Cela signifie que si l’inflation, comme le prévoient nombre d’économistes reste faible dans les trois prochaines années, ce sera un gel du niveau des pensions.
Celui-ci est déjà en œuvre depuis 2013, date du dernier accord sur les retraites complémentaires ;
un décalage de la date de revalorisation des pensions, de façon pérenne, au 1er novembre
La baisse du rendement des régimes de retraite
Une augmentation du prix d’achat du point, en terme technique, c’est une baisse du rendement des régimes qui touchera tous les retraités futurs.
Pour le même salaire, il achètera moins de points donc sa retraite chutera.
La fin du régime AGIRC par la création d’un régime unifié issu de la fusion de l’AGIRC et de l’ARRCO
La disparition de l’AGIRC en fusionnant l’AGIRC et l’ARRCO a été troquée contre une négociation nationale interprofessionnelle pour définir les grandes lignes de la notion d’encadrement.
Rien ne garantit l’avenir du statut cadre, de la GMP (garantie minimale du point), des 1,5 % de prévoyance et du futur niveau de pensions complémentaires des cadres.

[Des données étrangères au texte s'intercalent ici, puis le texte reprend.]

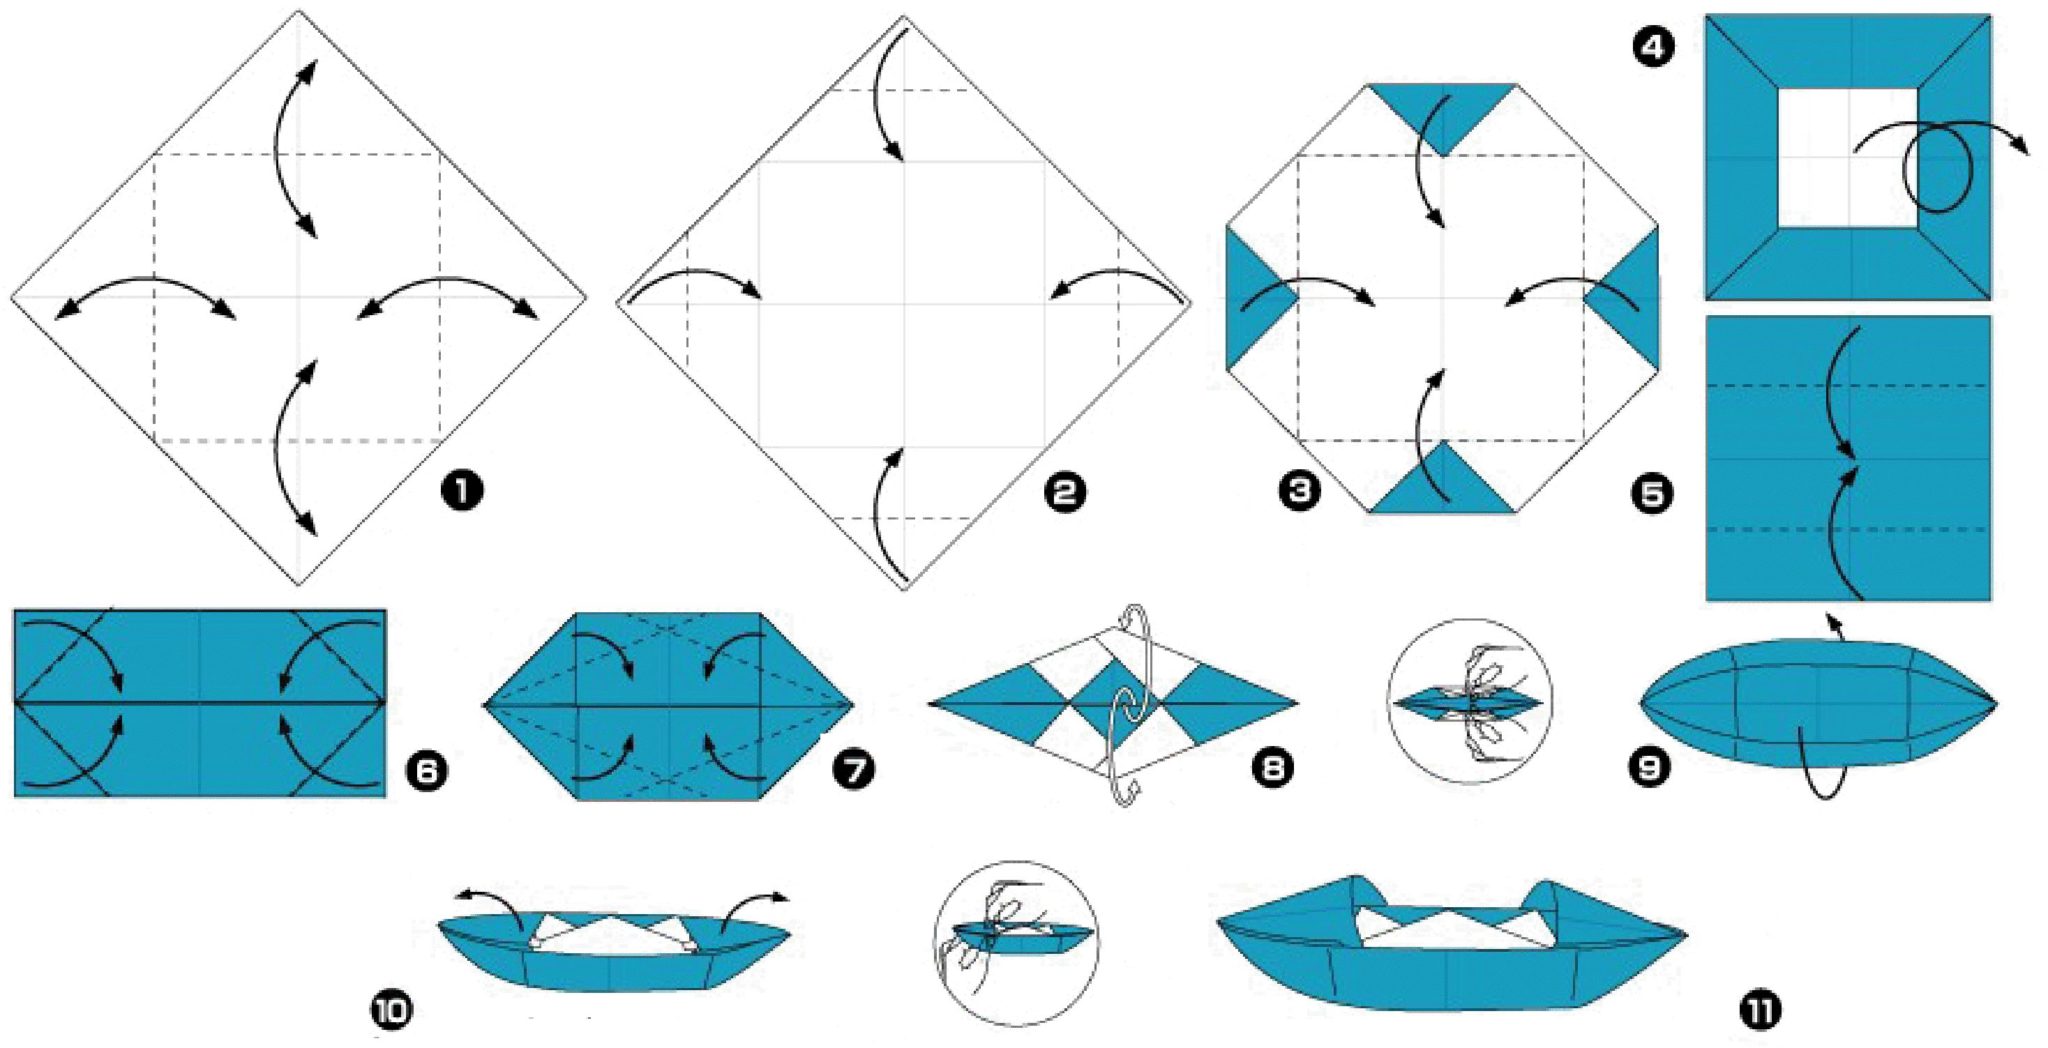 Как сделать кораблик из бумаги фото. Кораблик оригами из бумаги для детей схема. Как сделать оригами кораблик из бумаги а4. Бумажный кораблик схема складывания пошагово из бумаги. Кораблик из бумаги схема а4.

Aucun financement supplémentaire du patronat
En contrepartie, le Medef propose de mettre 300 millions de cotisations sur la table.
Cette augmentation sera compensée par une baisse des cotisations ATMP (accident du travail, maladie professionnelle), c’est l’engagement qu’a pris le gouvernement pour que cet accord puisse exister.
C’est scandaleux !
Le patronat se paye sur l’argent des victimes du mal-travail organisé par lui-même alors que les sous déclarations sont largement reconnues.
La CGT a refusé ce marché de dupe qui va permettre, dans un deuxième temps, au pouvoir politique, de reporter l’âge légal de départ en retraite.
Ces mesures très douloureuses pour les salariés et les retraités ne suffiront même pas à financer le déficit (6 milliards alors que le besoin est de 8,7 milliards en 2020).
Sans rapport de force d’ici là, la prochaine négociation en 2019 devra donc encore à priori se traduire par de nouvelles amputations de droits pour les salariés.
Il ne reste plus que quelques jours pour démontrer aux salariés la nocivité de cet accord de principe.